Given information:

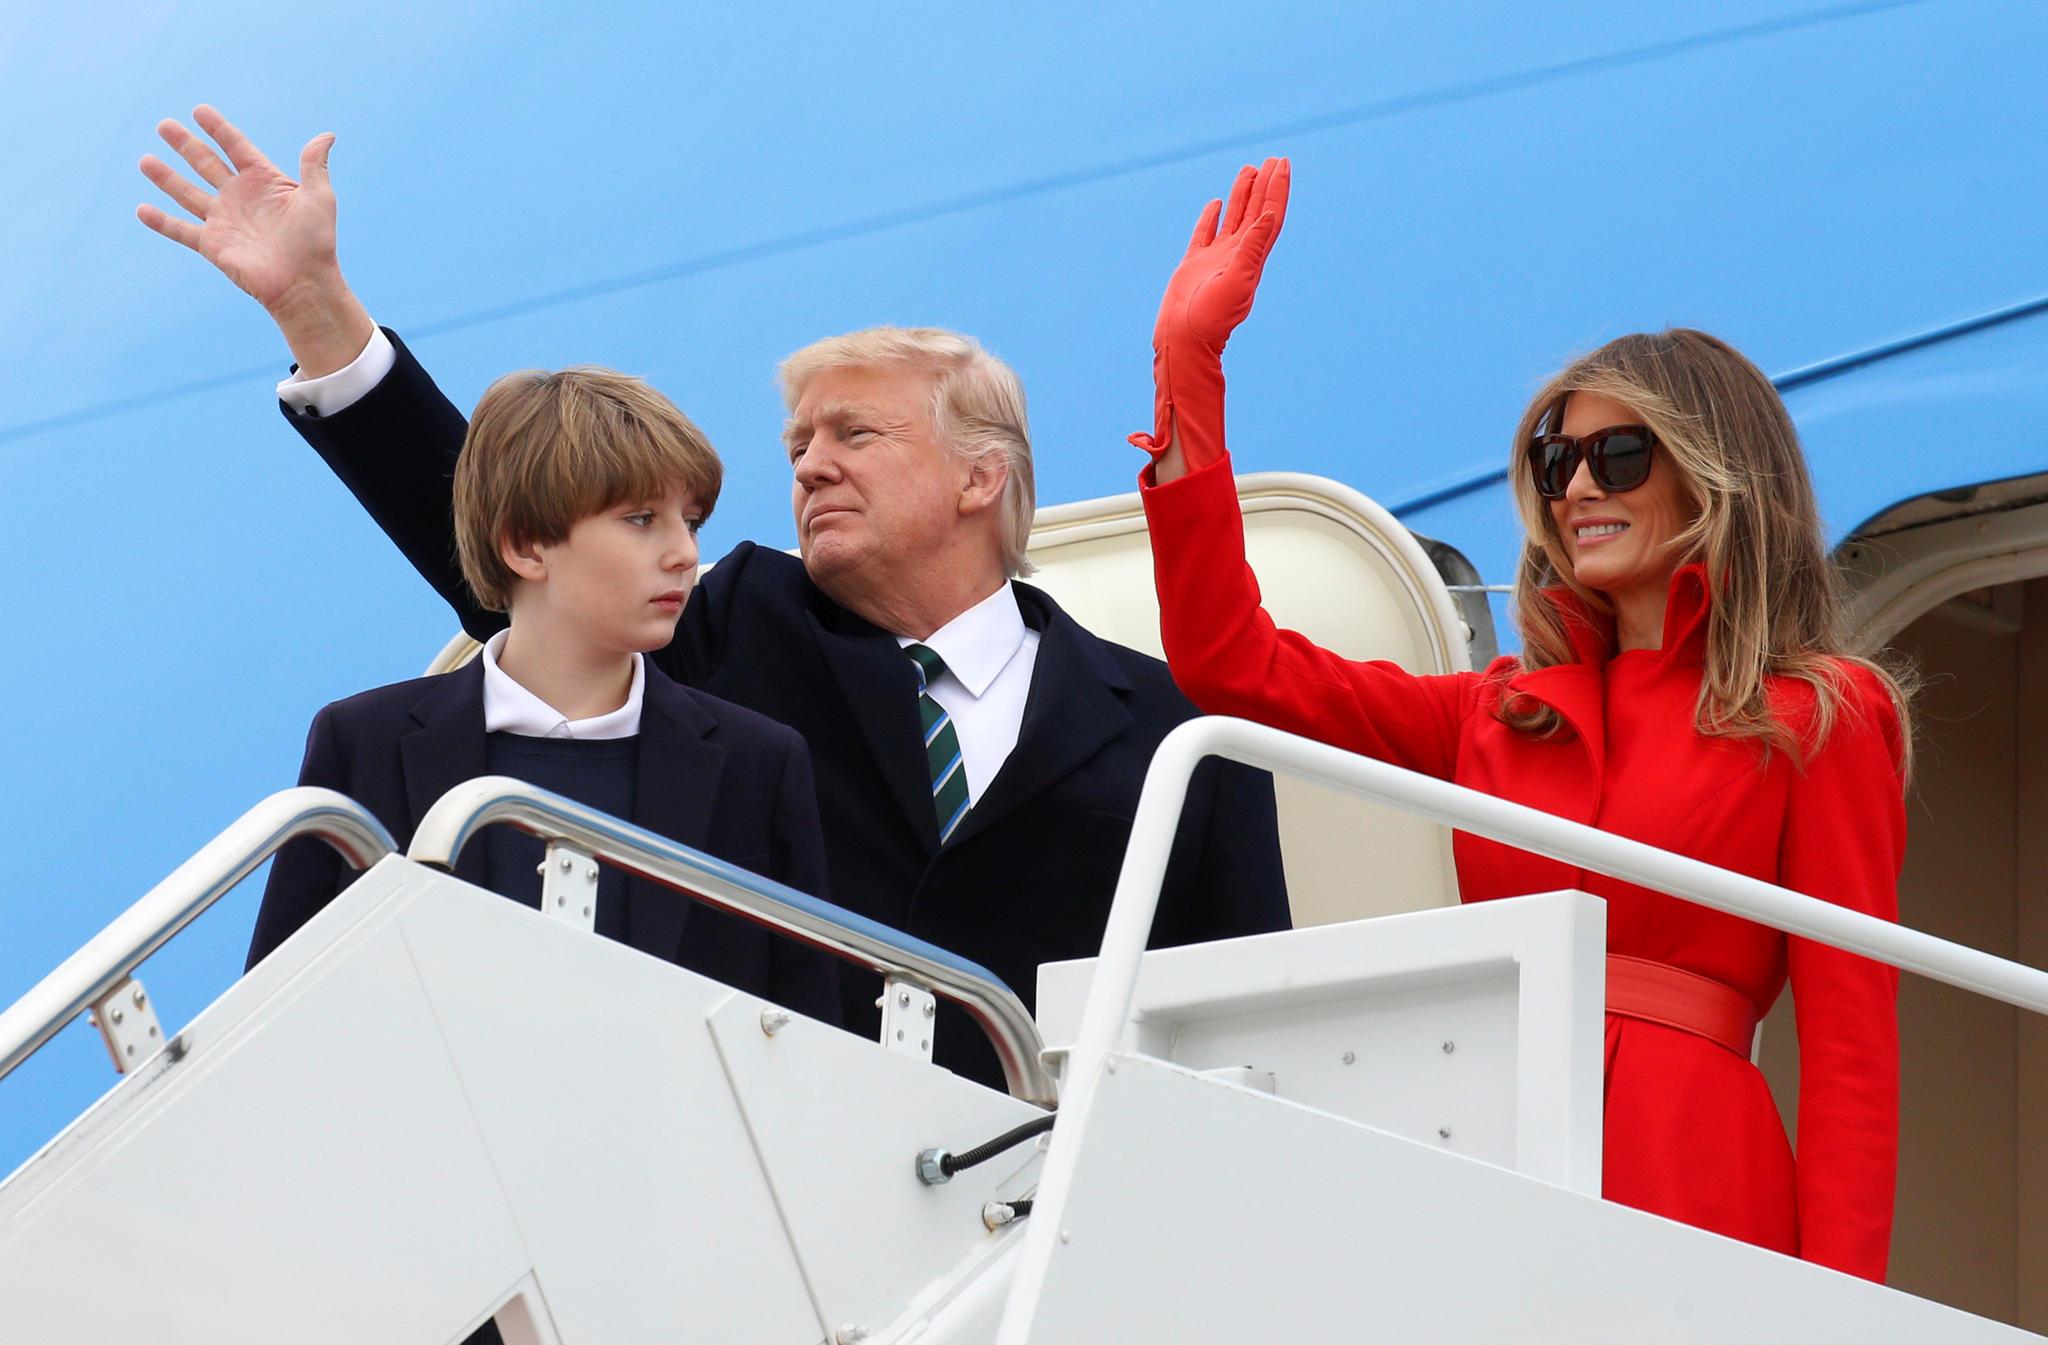 US-Präsident Donald Trump mit Ehefrau Melania Trump und Sohn Barron Trump steigen am 17. März 2017 aus der Air Force One, die gerade in Palm Beach gelandet ist
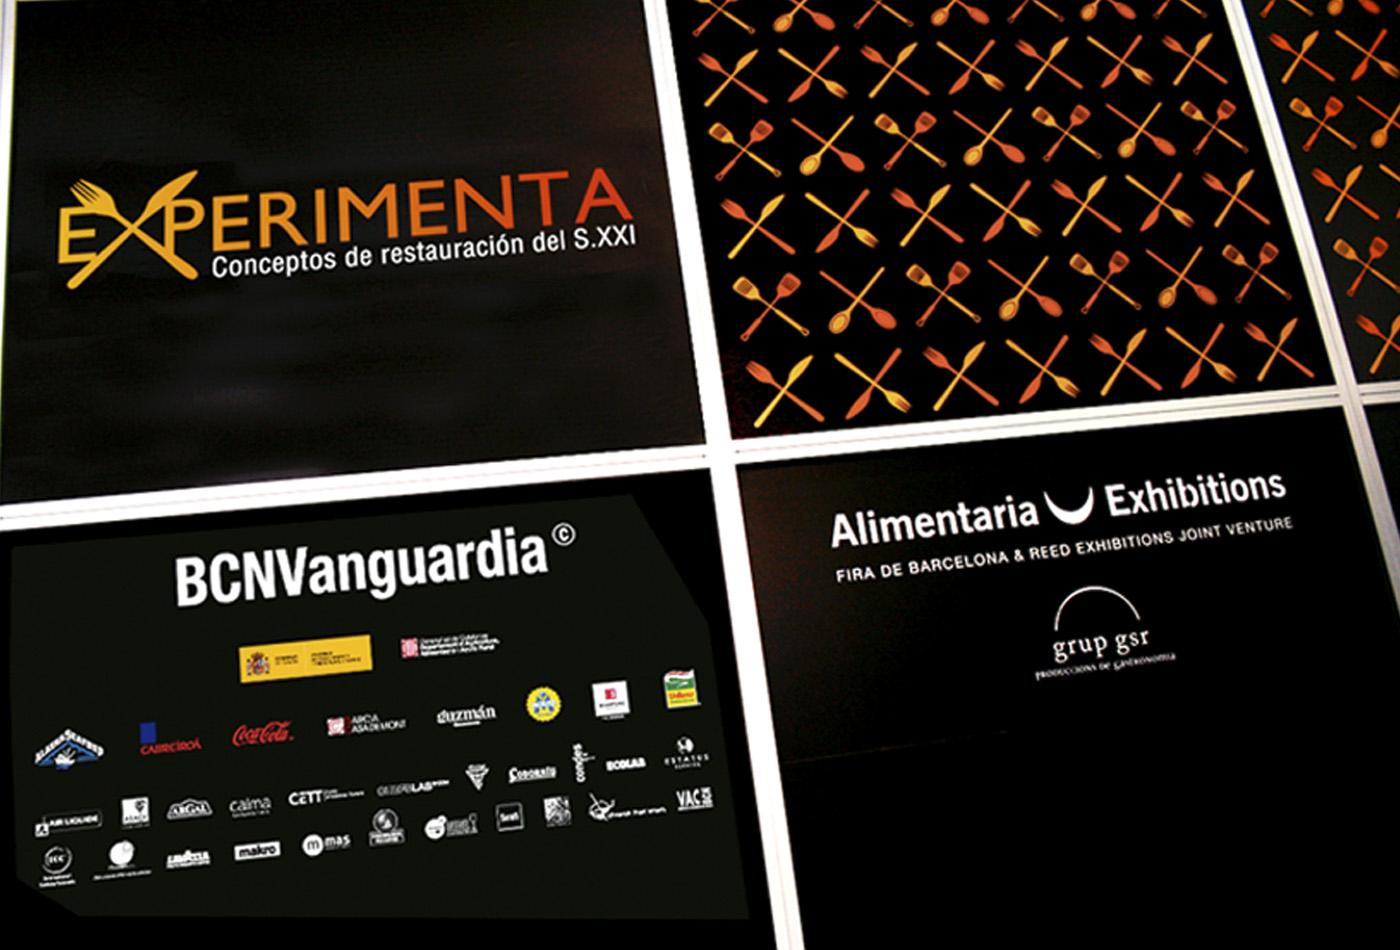 BCNVanguardia-alimentaria-gastronomia-cheff-evento-stand-creartiva-disseny
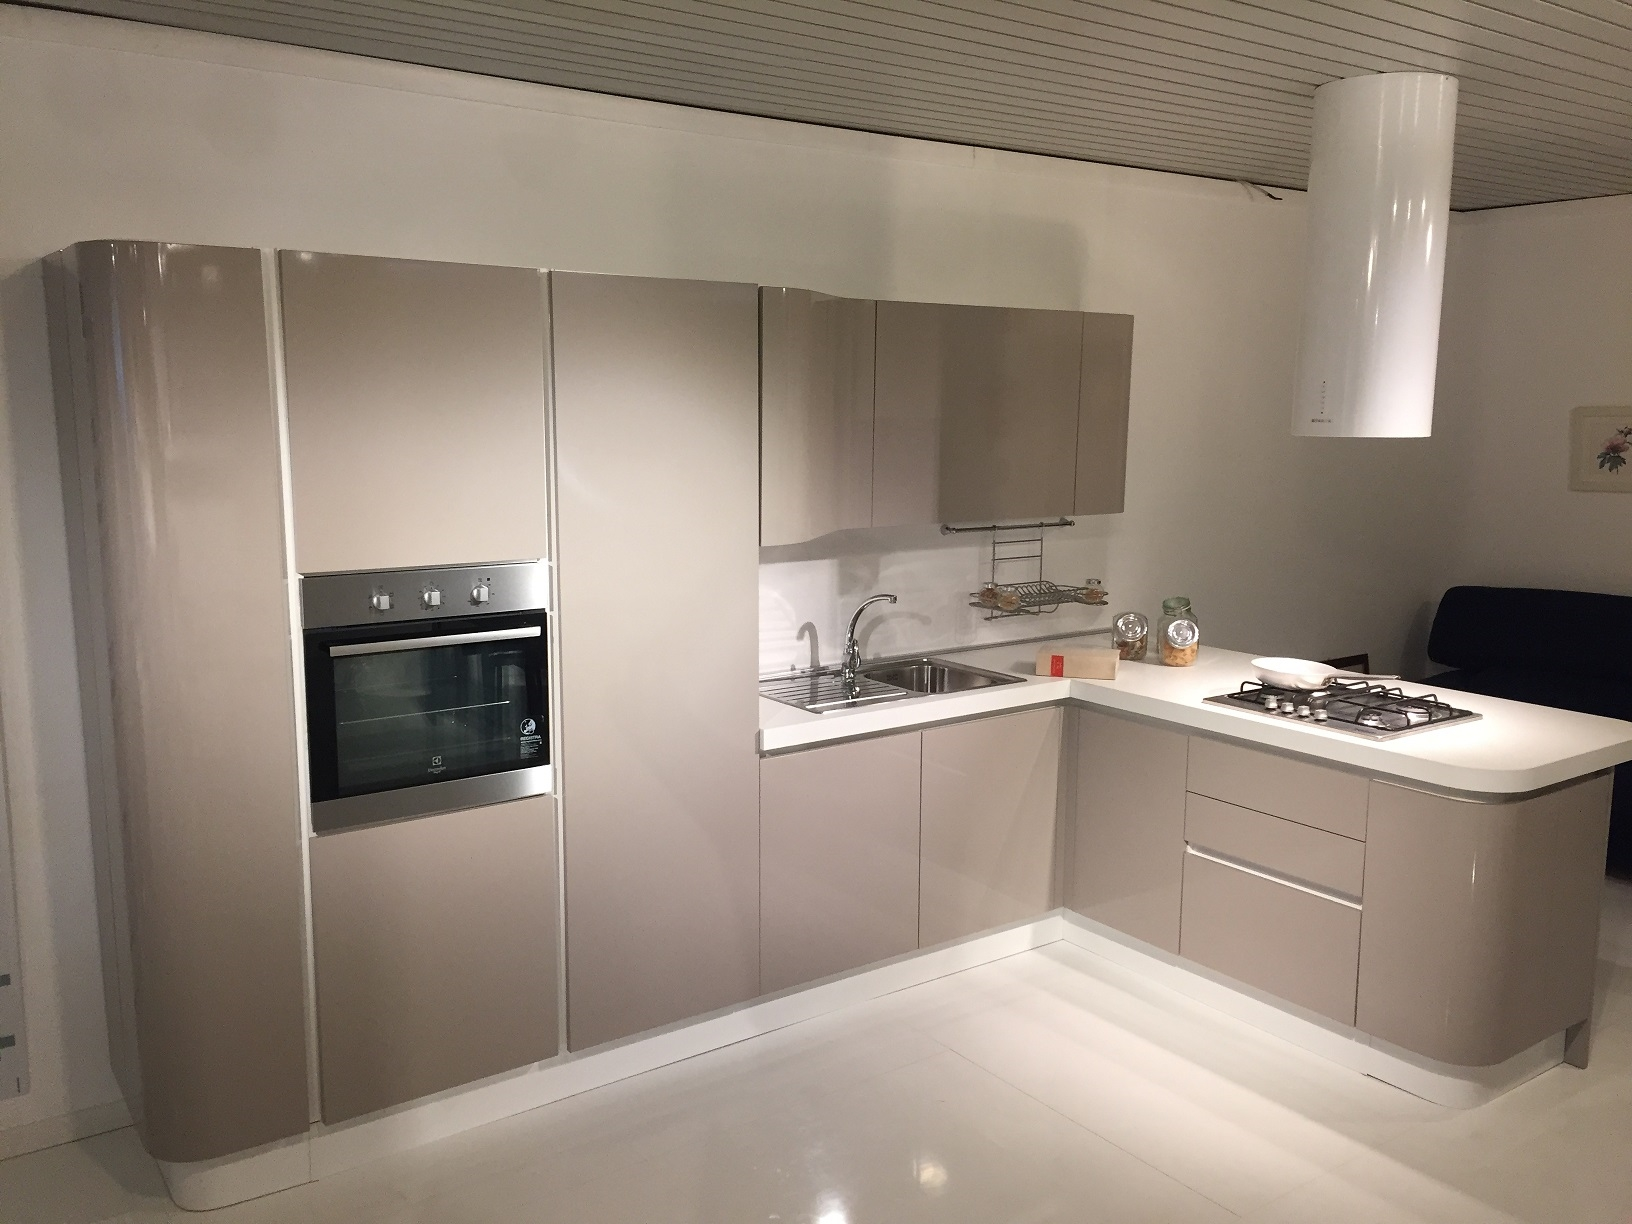 Aran cucine cucina penelope scontato del 50 cucine a for Offerte aran cucine
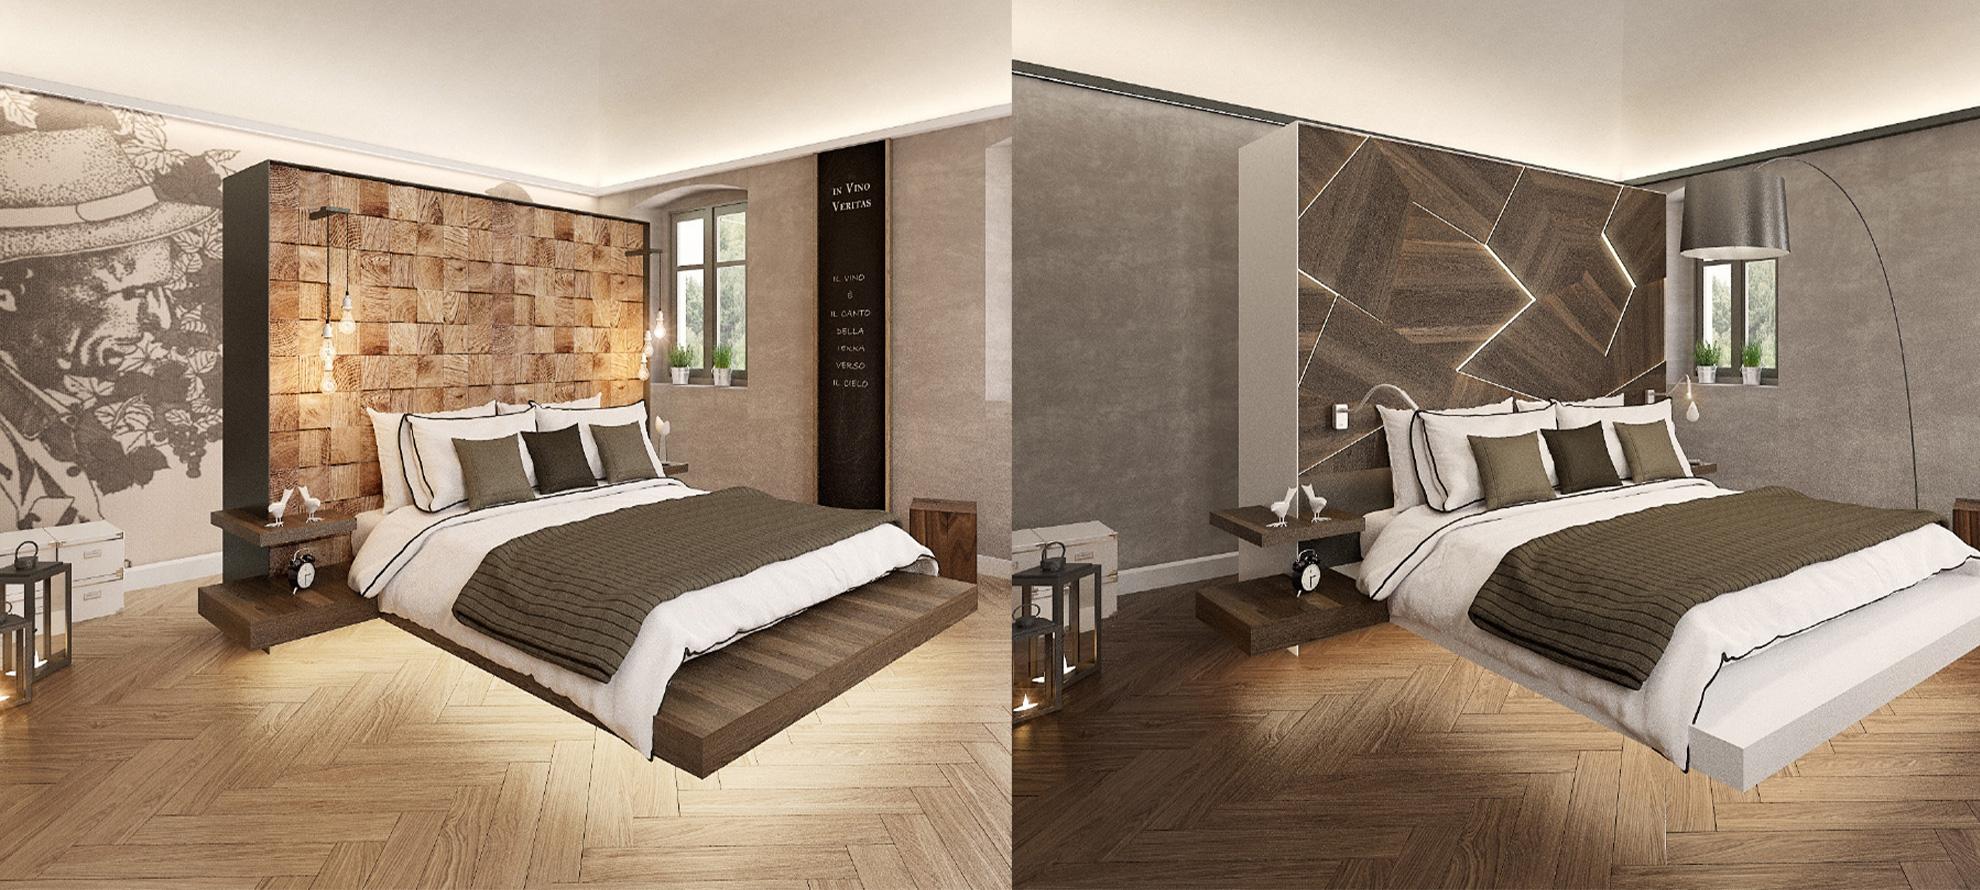 Servizi progettazione di interni ar arredamenti for Progettazione di interni gratis

What the task asks:
Could you reproduce all of the material exactly? Keep the pictures out of it.

Output of the task:
 US-Präsident Donald Trump mit Ehefrau Melania Trump und Sohn Barron Trump steigen am 17. März 2017 aus der Air Force One, die gerade in Palm Beach gelandet ist
 BCNVanguardia-alimentaria-gastronomia-cheff-evento-stand-creartiva-disseny
 Aran cucine cucina penelope scontato del 50 cucine a for Offerte aran cucine
 Servizi progettazione di interni ar arredamenti for Progettazione di interni gratis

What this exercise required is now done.